The result is what researchers are calling the debt to credential ratio. Not surprisingly, the amount of money borrowed per credential awarded is highest in the for-profit sector, even though the credentials these schools generally award take only two years of schooling to attain. The report, Debt to Degree: A New Way of Measuring College Success, notes that some of the highest ratios are at relatively young schools whose results may be skewed because there hasn’t been time for members of their rapidly increasing student bodies to have completed their coursework.
Bridgepoint Education and Grand Canyon University both have debt ratios of more than $100,000 – Bridgepoint’s is $140,000 – even though both awarded primarily two-year credentials.
Among public colleges, the researchers found that the debt-to-credential ratios tended to be almost $1,800 lower at so-called state flagship universities than at other state-supported four-year schools, primarily because the flagship schools are more selective in accepting students, who then tend to be more likely to complete their degrees.
For private colleges, the more elite the university, the lower the debt ratio is –largely because these colleges have large endowments that can underwrite discounts for lower-income students.

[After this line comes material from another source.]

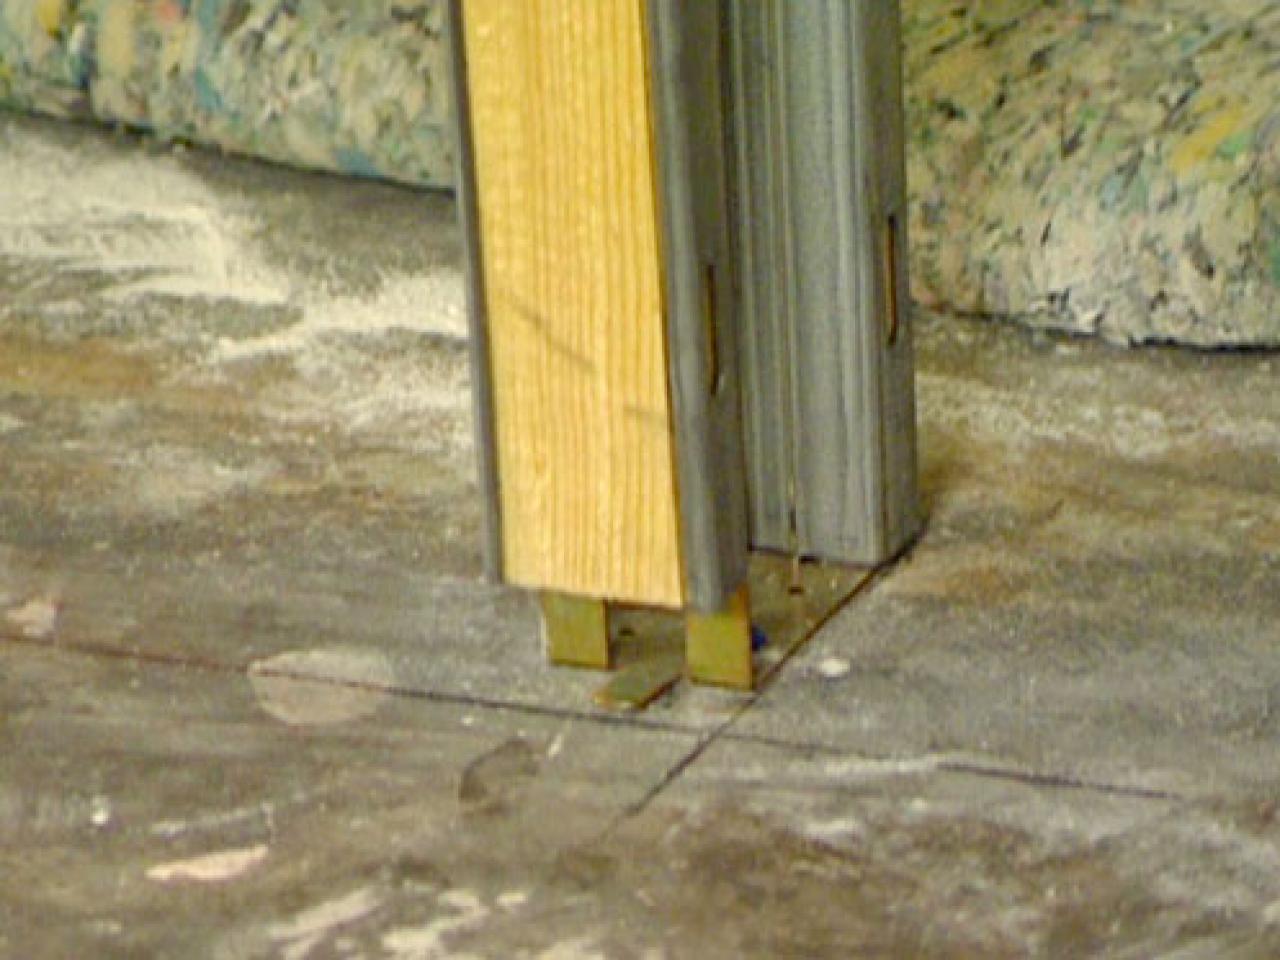 door pocket install studs diy floor frame attach header split doors steel hardware plywood johnson

For example, the debt ratio at Princeton University, with an endowment of $14.4 billion, is just $2,385, compared with the debt ratio at Columbia University of about $16,000.
“Borrowing is increasingly the norm in American higher education,” researchers Kevin Carey and Erin Dillon write. “The long-term consequences of floating colleges on a sea of debt have yet to be fully realized, as a growing number of students leave school with tens of thousands of dollars in loans that can take as long as 30 years to repay and cannot be discharged in bankruptcy.”